Quantification of Regulatory T Cells in Mouse Tumor Specimens Using Flow Cytometry
Regulatory, or suppressor, T cells (Treg) are a subpopulation of CD4+ T lymphocytes which are defined by the expression of forkhead transcription factor (FoxP3). All T cells come from progenitor cells in bone marrow, with differentiation happening in the thymus. Treg cells are not mature until a couple days later than effector T cells, which take about three weeks to mature. Before they are differentiated, cells receive signal from the self-peptide MHC complex. When there is little signal, T cells become effector T cells, whereas, a medium signal will produce Treg cells. If the cell is overwhelmed with signal, it will undergo apoptosis and die.
Treg cells are known to play a key role in modulating the immune system, maintaining tissue homeostasis, and preventing autoimmunity. Alteration in Treg function and homeostasis has been associated with autoimmune diseases, chronic infection, cancer, and ultimately contributes towards poor prognosis. It is well established that accumulation of Tregs in murine and human cancer tissues results in immune suppression and tumor progression. This is largely because most tumor-associated antigens are self-antigens that are over-expressed in tumors. Tregs identify them as self antigens and limits the immune response against these targets. Therefore, Tregs are a major hurdle in cancer immunotherapy and it is under extensive investigation. However, Treg functionality has been difficult to evaluate due to low cell abundance (5-10% of peripheral CD4 T cells) and lack of generic markers across species. In order to understand the role of Tregs in tumors, robust methods are required for the identification and characterization of these cells.
Flow Cytometry has the ability to rapidly and accurately measure individual targets/receptors using fluorescent tags in specific cell populations. Simultaneous detection of multiple biomarkers and the ability to examine rare cell populations makes flow cytometry a reliable technique for clinical studies, particularly in drug development. For this reason, flow cytometry can be a powerful platform for quantification of Tregs. In the recent years, flow cytometry methodology has been widely established in both drug development and basic research laboratories for detection of Tregs. However, the multitude of Treg markers, the low cell abundance of this population, the stringent staining protocol and complex gating strategy makes it a challenging task to analyze Tregs.
At Flow Contract Site Laboratory, we routinely test for Tregs in clinical, pre-clinical and non clinical samples. Characterization is often achieved by using a combination of two or more Treg associated markers such as: CD4+, FoxP3+, CD25+, CD127low/– and CTLA+. We have developed and validated the most optimum staining conditions for sample preparation. We ensure that fresh whole blood samples are processed within 48 hours post draw (in house validated range) and that the samples are shipped to us in appropriate conditions. Minor changes in such conditions can have great impact on the data quality. We take pride in our ability to process such critical samples with great consistency and accuracy. Last but not least, our antibody panels and gating strategies are custom designed to provide the most accurate data that will allow association between specific clinical outcome and Tregs.

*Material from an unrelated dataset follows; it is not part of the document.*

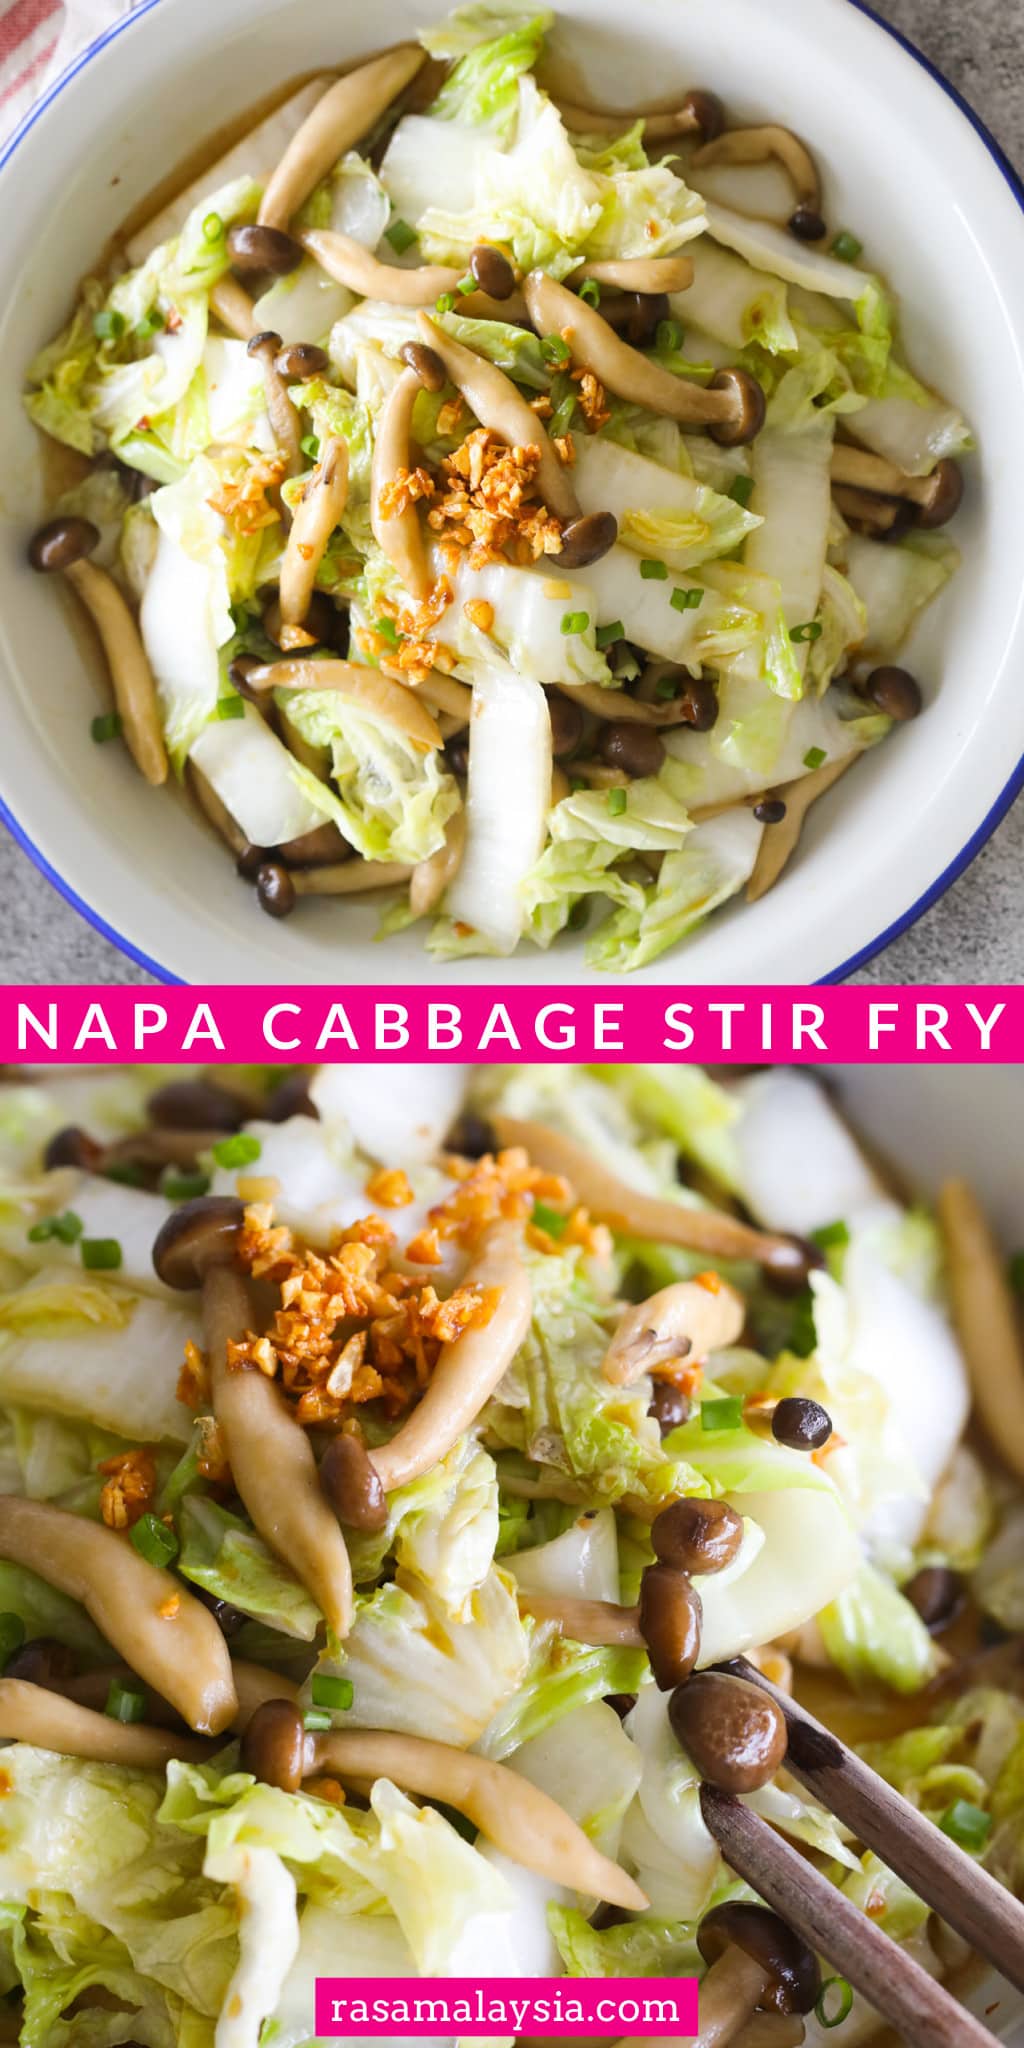 Easy Napa cabbage stir fry with mushroom is one of the best Napa cabbage recipes. It's fresh and healthy with 5 ingredients and takes only 15 mins to make!

Here, we present data from a simple exploratory study that was performed to investigate whether expression of FoxP3, a transcription factor that is expressed in Tregs in humans, could be used to identify Tregs in mouse tumor specimens. In this study, cells were dissociated from 4T1, CT26 or PAN02 murine tumors and stained with surface markers; anti-mouse CD45-APC and anti-mouse CD3-FITC, followed by intracellular staining with anti-mouse FoxP3-PE. Expression of FoxP3 in Tregs was evaluated by flow cytometry analysis on a BD FACSCanto™ II equipped with BD FACSDiva™ software. These tumors were chosen because they all have strong similarities between the mice and human tumors. The 4T1 tumor is akin to stage IV breast cancer in humans, and is from the mammary gland of the mouse. CT26 is a grade IV, readily metastasizing, and easily implantable colorectal carcinoma frequently used to investigate cytotoxic agents. PAN02 is a tumor akin to pancreatic ductal adenocarcinoma, which is one of the most deadly forms of cancer, causing approximately 40,936 deaths a year.
We observed that PAN02 and CT26 tumor cells have higher MFI for FoxP3-PE than their isotype control and 4T1 tumor cells (Fig.1). The percentage of regulatory T cells, determined by FoxP3+ staining, was also higher in PAN02 and CT26 cells than 4T1. Overall, this study has shown that FoxP3 intracellular staining can be successfully used to identify regulatory T cell population in mouse tumor models.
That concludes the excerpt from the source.